Quick-reference checklist for exam preparation:

• Scatterplot: plot (x, y) pairs; identify direction and form visually.
• Correlation description: state direction (positive/negative/none), strength (strong/moderate/weak), and form (linear).
• Pearson's r: range −1 to +1; sign = direction; magnitude = strength.
• Regression line: y = a + bx; interpret a (y-intercept in context) and b (gradient in context).
• Prediction: substitute x into equation; state interpolation/extrapolation; comment on reliability.
• Causation: correlation ≠ causation; state this explicitly whenever r is strong.

Module 5 bivariate data summary: scatterplots (direction, form, strength), Pearson's r (−1 to +1), lines of best fit (y = a + bx), interpolation (within range) vs extrapolation (outside range), and causation vs correlation.

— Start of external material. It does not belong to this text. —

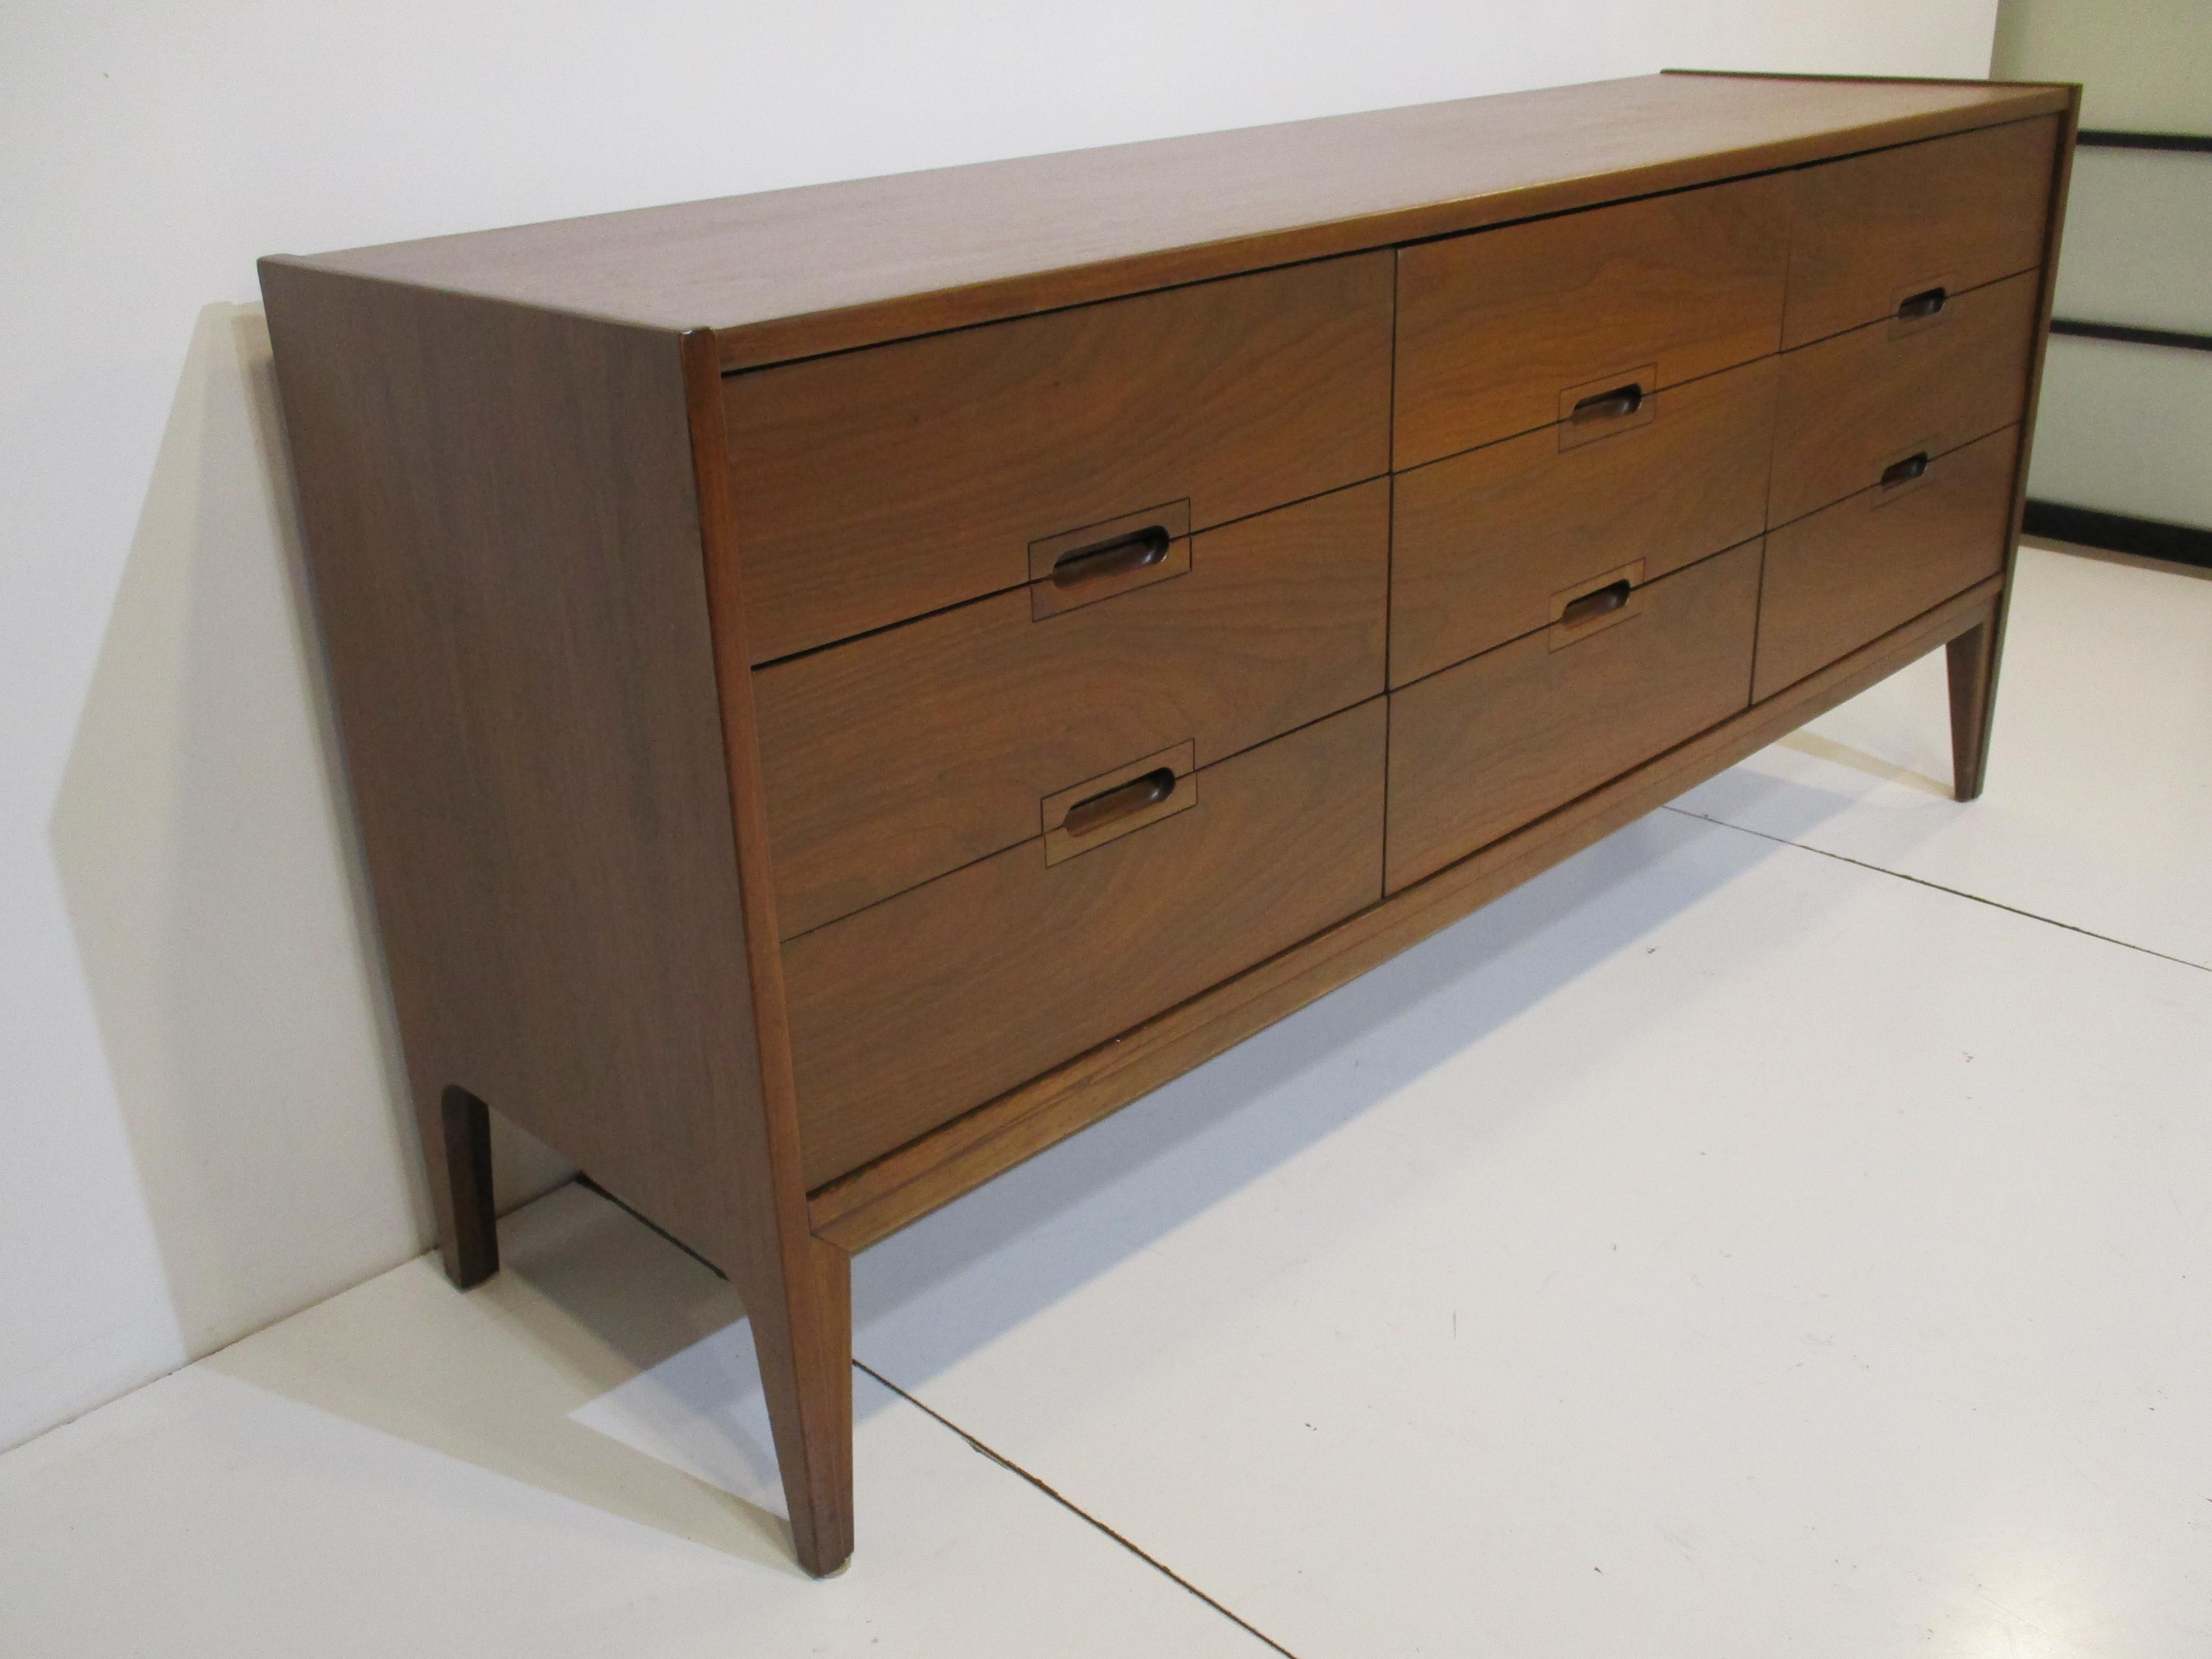 A very well grained medium dark walnut nine drawer dresser chest with flush pulls making the piece very clean and tidy. The spear styled legs have a nice cut in line detail that goes into the bottom stretcher across the frame tying the form
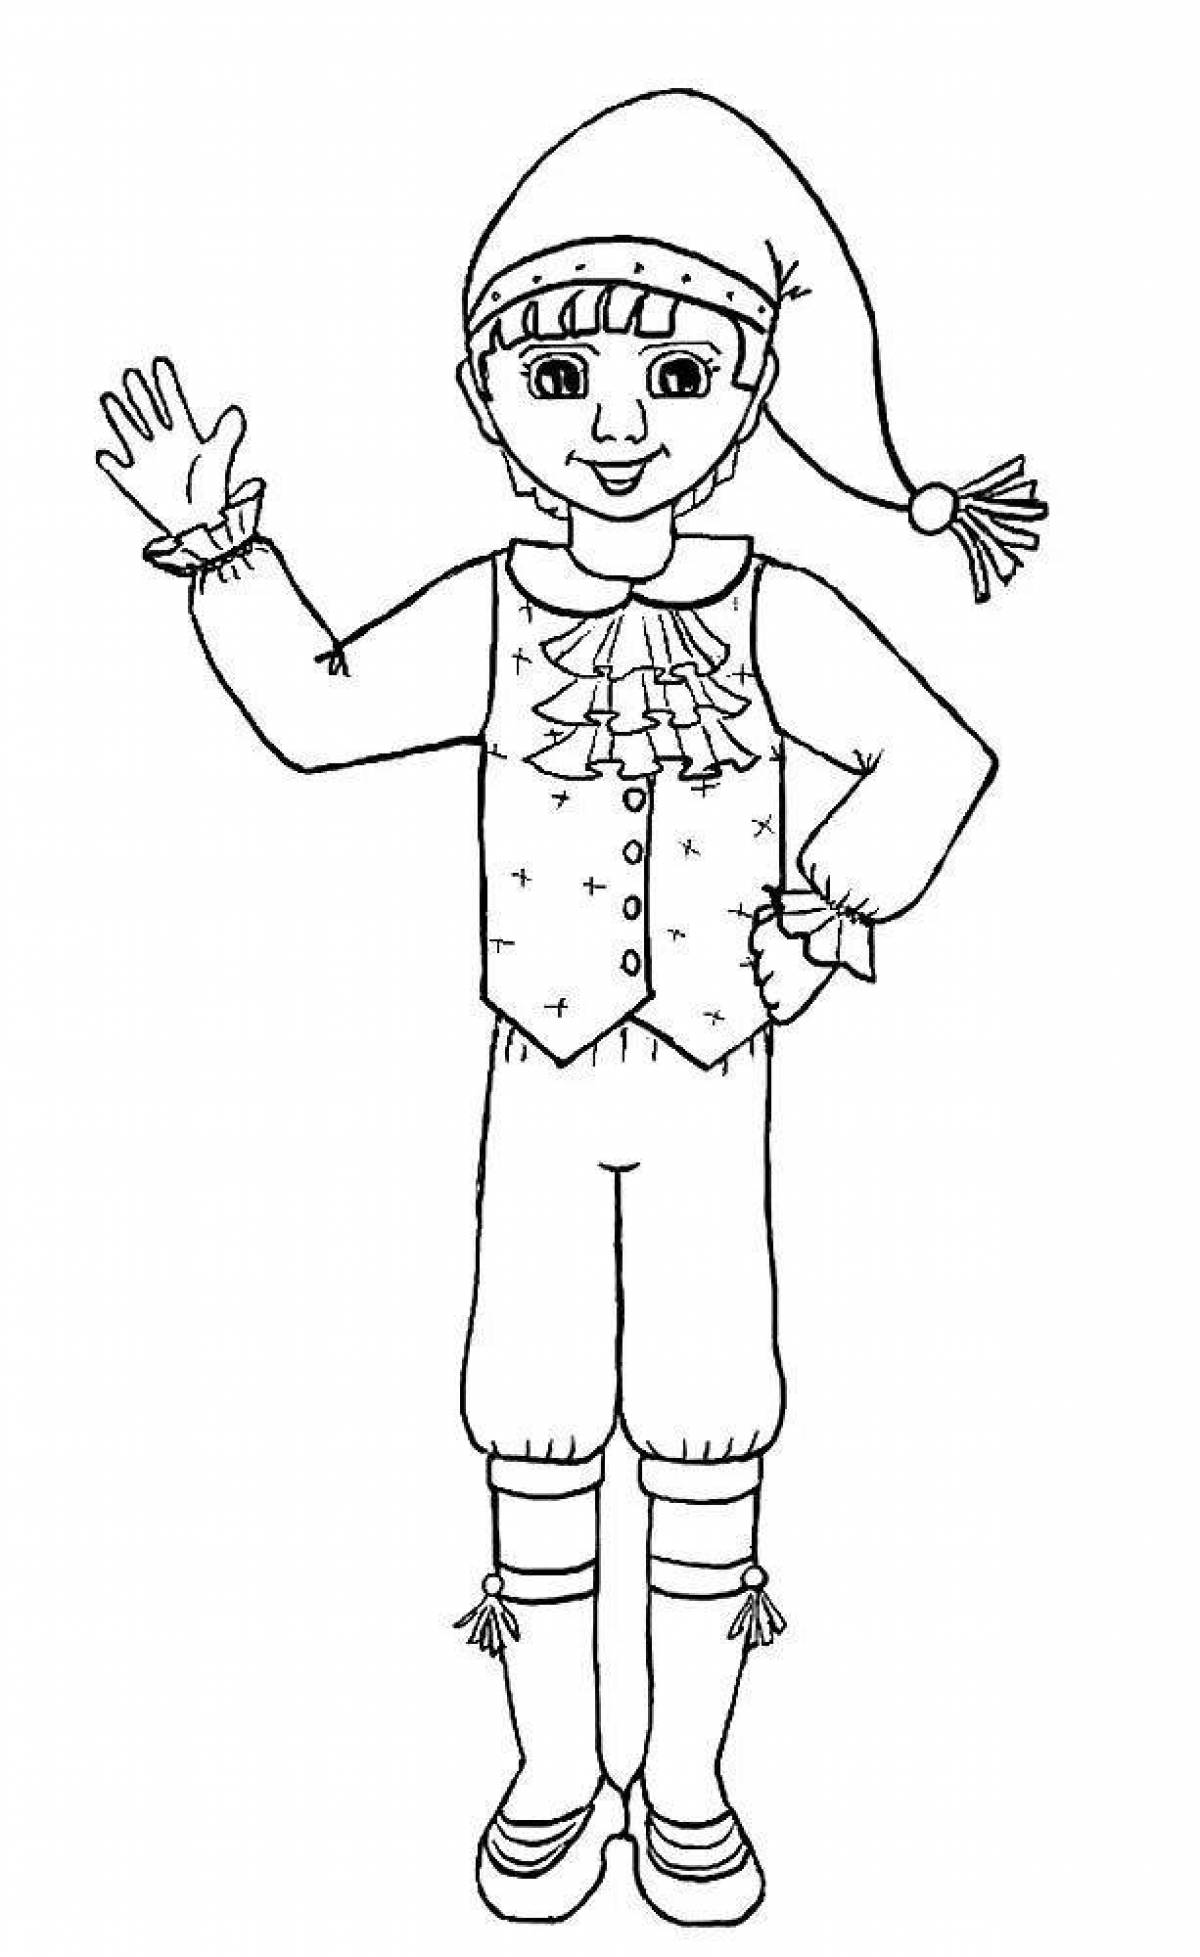 Coloring page for a festive costume for children

Pause, copy the five bivariate data concepts as an exam checklist: scatterplots (direction/form/outliers), Pearson's r (−1 to +1, thresholds 0.5/0.8), regression line y = a + bx, interpolation vs extrapolation, and causation vs correlation into your book.

Module 5 Summary: MS-S5 Normal Distribution

The bivariate data story ends with regression and causation. The normal distribution story builds from shape (bell curve, symmetric about μ) → percentages (empirical rule 68/95/99.7) → z-scores (z = (x−μ)/σ to standardise values) → comparing two distributions (compare μ for centre, σ for spread) → real applications (quality control, expected counts).

Quick-reference checklist:

• Normal distribution features: symmetric, bell-shaped; mean = median = mode; total area = 1; asymptotic tails.
• Effect of μ and σ: μ shifts the curve; σ controls its spread.
• Empirical rule: 68% within 1σ; 95% within 2σ; 99.7% within 3σ.
• One-sided percentages: 16% below μ − σ; 2.5% below μ − 2σ; 0.15% below μ − 3σ (and symmetrically above).
• z-score: $z = (x - \mu) \div \sigma$ and $x = \mu + z\sigma$.
• Unusual values: |z| > 2.
• Comparison: compare z-scores, not raw scores, across different distributions.

Module 5 normal distribution summary: normal curve properties, empirical rule, z-scores, comparing distributions (centre and spread), and applications (quality control, comparison). These five topics form the complete MS-S5 content.

Pause, copy the five normal distribution topics as a checklist: bell-curve properties (symmetric, mean=median=mode), empirical rule (68/95/99.7), z-scores (z = (x−μ)/σ), comparing distributions (μ for centre, σ for spread), and real applications (quality control, expected counts) into your book.